Sunday, November 07, 2004

A Democrat Customer Satisfaction Survey

It seems as if the Dems have come up with a customer satifaction survey:

This is extremely amusing to me. Here's the top ten things I'd tell them, in no particular order:

10. Ignore the media telling you that you're not the party of values. In this Orwellian age, words have whatever meaning the right-wing Information Ministers imbue them with.

9. Resist the urge to become Republican Lite. Become a real opposition party.

8. You have become the party of women, minorities, and young people. Let your leadership reflect that fact.

8. Don't make gays and lesbians the new black people of the party--courted every four years, a relationship of convenience.

7. Tell the Republicans we'll give up Michael, Al, and Janeane when they get rid of Rush, Sean, Ann, Bill, Laura, Michelle... and the beat goes on. Sorry, right-wingers. We like Mike.

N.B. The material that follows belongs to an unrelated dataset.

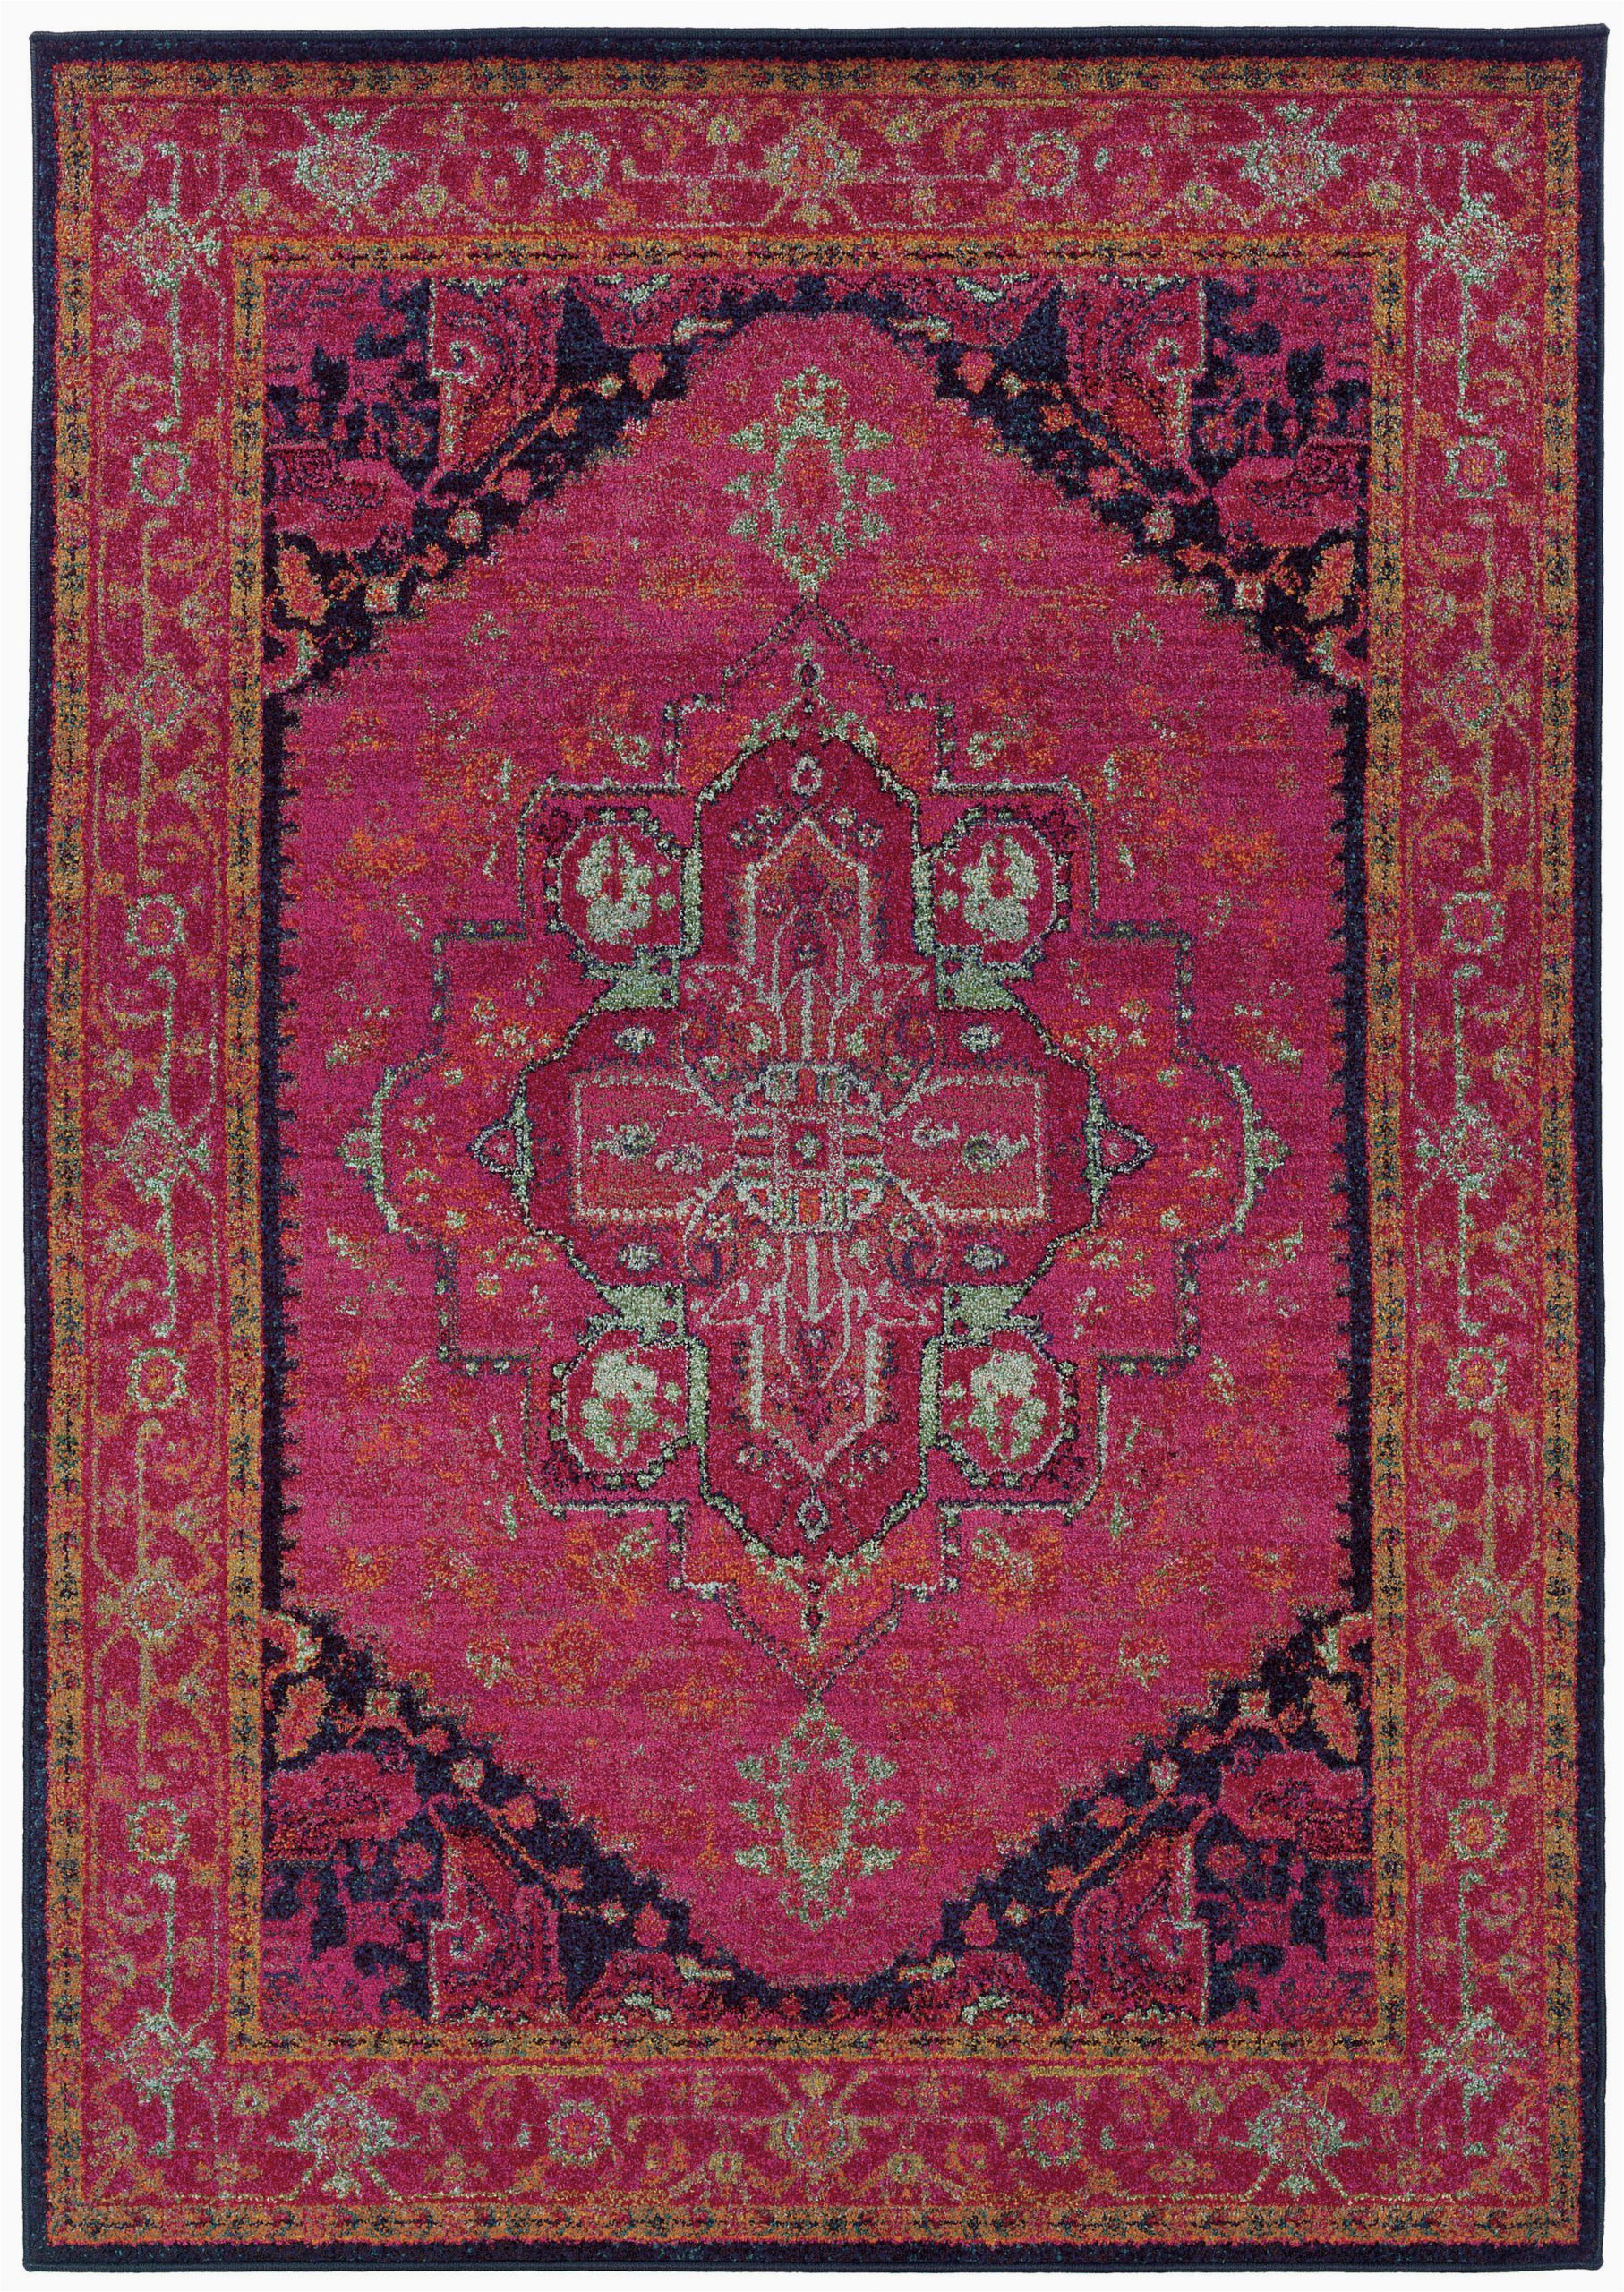 kaleidoscope oriental pinkblackblue area rug

6. Get the rest of the Midwest. Indiana might be a long time coming, but Missouri is a good bet, and so is Iowa. Colorado--ours in 2008. Nevada--if not in 2008, then definitely in 2012 if demographic trends continue.

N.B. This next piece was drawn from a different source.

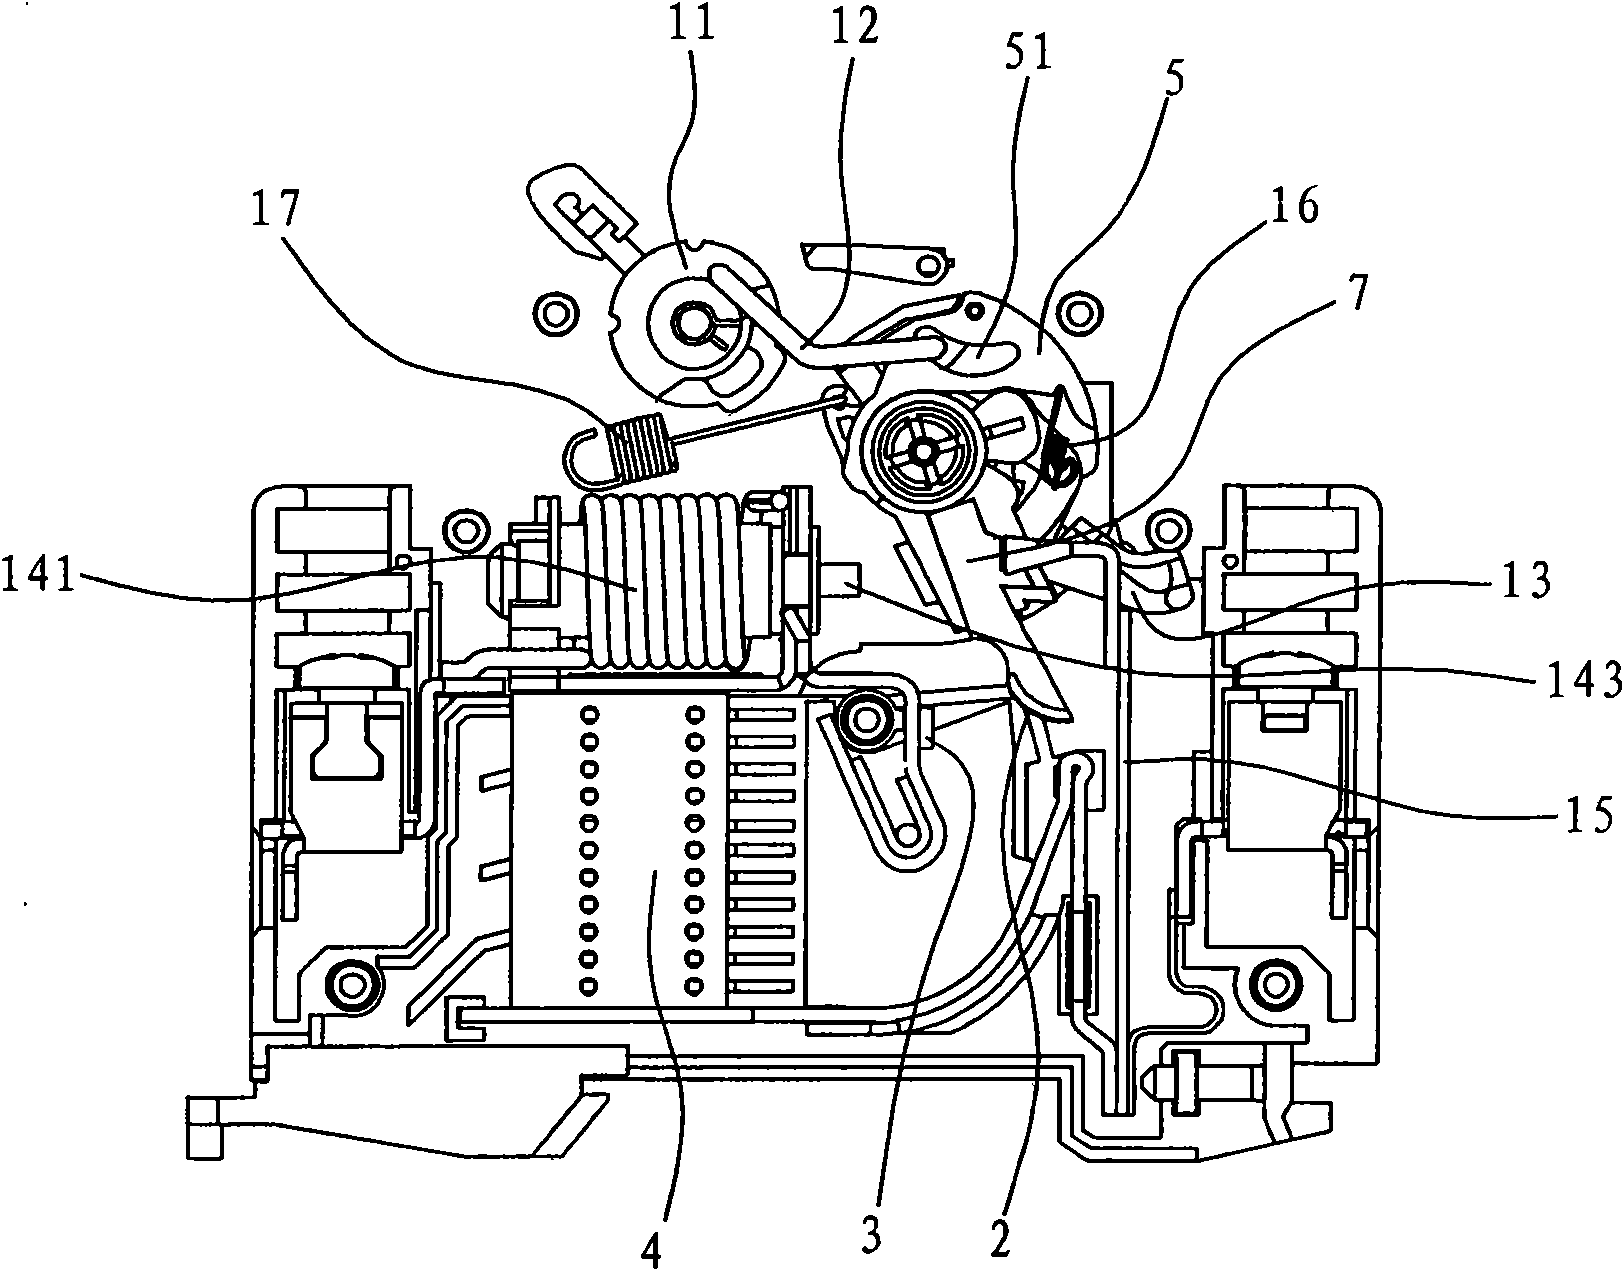 Improved circuit breaker

5. Encourage young Democrats who are on fire right now for the cause to read the great documents of democracy, from classical thought, from the American experience, and from the worldwide anti-colonial and anti-totalitarian struggle worldwide. The Republicans love to quote the Founding Fathers... our young people need to be able to state the view that the Federalist Papers give about dissent and the rights of minority opinions.

4. Start winning the hearts and minds of the young. I cannot stress this enough. Strengthen College Democrats nationwide. Have them sponsor high school events. Urge them to volunteer in the local community.

3. Find your way back to the working class. The demise of labor organizations is one reason why the blue-collar white middle American worker is no longer voting his/her economic interests. I have been on the receiving end of elite liberal contempt (however unwitting) from my bicoastal friends, who think Detroit is a backwater slum on the edge of a pond somewhere in flyover space. Tsk, tsk. Looking down your nose isn't a very good way to get votes.

2. Elect Howard Dean chair of the DNC. Rather than railing about the "Howard Dean-Michael Moore" wing of the party, you'd better be thanking them and groveling, because if it wasn't for them, Kerry's defeat would have been more crushing than it was. Some of us were around during the year-long primary season and have long memories, you see...

1. Protest George W. Bush's inauguration on January 20, 2005. Was he fairly elected? I suppose so. Do we have to like it? No.

The best way to remind GWB that 51% is not a mandate is to have a million men and women in the capital (yes, in the January cold) on Inauguration Day. If this is organized, I intend to take part. More later...


Blogger Sue said...

Like the list. has one I like, too, especially # 5.